→ Task
Only the lines below, from the one with "11 X, Pro, Mojito" through the one with "PB Products Jelly Wire Weed", are to be written out, exactly.

(Source records)
╭──
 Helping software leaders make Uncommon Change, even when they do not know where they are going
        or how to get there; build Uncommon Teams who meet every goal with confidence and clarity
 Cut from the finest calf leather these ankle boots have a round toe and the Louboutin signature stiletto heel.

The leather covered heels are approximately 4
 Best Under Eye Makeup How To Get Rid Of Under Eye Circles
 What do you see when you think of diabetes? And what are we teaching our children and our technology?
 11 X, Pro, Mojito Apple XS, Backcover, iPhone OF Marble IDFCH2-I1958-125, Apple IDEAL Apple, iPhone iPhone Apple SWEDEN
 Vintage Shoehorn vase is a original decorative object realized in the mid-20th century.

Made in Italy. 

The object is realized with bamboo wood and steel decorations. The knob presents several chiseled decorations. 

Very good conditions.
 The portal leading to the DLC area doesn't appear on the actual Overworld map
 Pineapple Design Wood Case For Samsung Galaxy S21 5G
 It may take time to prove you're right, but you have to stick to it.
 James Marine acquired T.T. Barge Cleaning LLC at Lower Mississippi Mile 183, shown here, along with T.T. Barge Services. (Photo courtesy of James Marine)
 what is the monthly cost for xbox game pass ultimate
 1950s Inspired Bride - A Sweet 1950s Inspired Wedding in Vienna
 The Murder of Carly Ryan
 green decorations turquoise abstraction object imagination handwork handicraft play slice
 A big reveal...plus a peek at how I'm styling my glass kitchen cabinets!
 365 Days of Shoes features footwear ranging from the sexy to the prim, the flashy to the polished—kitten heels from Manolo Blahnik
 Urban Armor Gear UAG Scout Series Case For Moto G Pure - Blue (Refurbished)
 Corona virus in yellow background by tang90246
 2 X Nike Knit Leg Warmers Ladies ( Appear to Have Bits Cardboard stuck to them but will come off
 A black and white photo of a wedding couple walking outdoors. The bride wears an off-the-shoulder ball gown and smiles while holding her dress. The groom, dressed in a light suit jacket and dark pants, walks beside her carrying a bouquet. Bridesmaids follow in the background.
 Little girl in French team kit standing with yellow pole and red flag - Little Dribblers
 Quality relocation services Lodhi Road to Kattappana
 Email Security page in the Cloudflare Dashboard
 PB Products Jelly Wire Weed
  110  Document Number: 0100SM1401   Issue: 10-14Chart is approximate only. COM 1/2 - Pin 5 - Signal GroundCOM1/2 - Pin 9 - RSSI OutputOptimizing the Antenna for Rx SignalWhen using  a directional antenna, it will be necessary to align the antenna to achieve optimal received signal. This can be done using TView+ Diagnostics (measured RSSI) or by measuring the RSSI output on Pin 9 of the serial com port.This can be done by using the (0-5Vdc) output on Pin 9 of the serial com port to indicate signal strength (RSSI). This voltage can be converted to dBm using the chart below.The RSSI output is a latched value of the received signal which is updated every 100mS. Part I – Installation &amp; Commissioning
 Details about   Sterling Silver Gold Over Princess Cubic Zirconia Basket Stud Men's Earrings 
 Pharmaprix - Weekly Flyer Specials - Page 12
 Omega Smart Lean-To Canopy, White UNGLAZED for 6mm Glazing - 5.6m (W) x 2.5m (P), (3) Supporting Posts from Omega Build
╰──
→ Solution to the exercise
 11 X, Pro, Mojito Apple XS, Backcover, iPhone OF Marble IDFCH2-I1958-125, Apple IDEAL Apple, iPhone iPhone Apple SWEDEN
 Vintage Shoehorn vase is a original decorative object realized in the mid-20th century.

Made in Italy. 

The object is realized with bamboo wood and steel decorations. The knob presents several chiseled decorations. 

Very good conditions.
 The portal leading to the DLC area doesn't appear on the actual Overworld map
 Pineapple Design Wood Case For Samsung Galaxy S21 5G
 It may take time to prove you're right, but you have to stick to it.
 James Marine acquired T.T. Barge Cleaning LLC at Lower Mississippi Mile 183, shown here, along with T.T. Barge Services. (Photo courtesy of James Marine)
 what is the monthly cost for xbox game pass ultimate
 1950s Inspired Bride - A Sweet 1950s Inspired Wedding in Vienna
 The Murder of Carly Ryan
 green decorations turquoise abstraction object imagination handwork handicraft play slice
 A big reveal...plus a peek at how I'm styling my glass kitchen cabinets!
 365 Days of Shoes features footwear ranging from the sexy to the prim, the flashy to the polished—kitten heels from Manolo Blahnik
 Urban Armor Gear UAG Scout Series Case For Moto G Pure - Blue (Refurbished)
 Corona virus in yellow background by tang90246
 2 X Nike Knit Leg Warmers Ladies ( Appear to Have Bits Cardboard stuck to them but will come off
 A black and white photo of a wedding couple walking outdoors. The bride wears an off-the-shoulder ball gown and smiles while holding her dress. The groom, dressed in a light suit jacket and dark pants, walks beside her carrying a bouquet. Bridesmaids follow in the background.
 Little girl in French team kit standing with yellow pole and red flag - Little Dribblers
 Quality relocation services Lodhi Road to Kattappana
 Email Security page in the Cloudflare Dashboard
 PB Products Jelly Wire Weed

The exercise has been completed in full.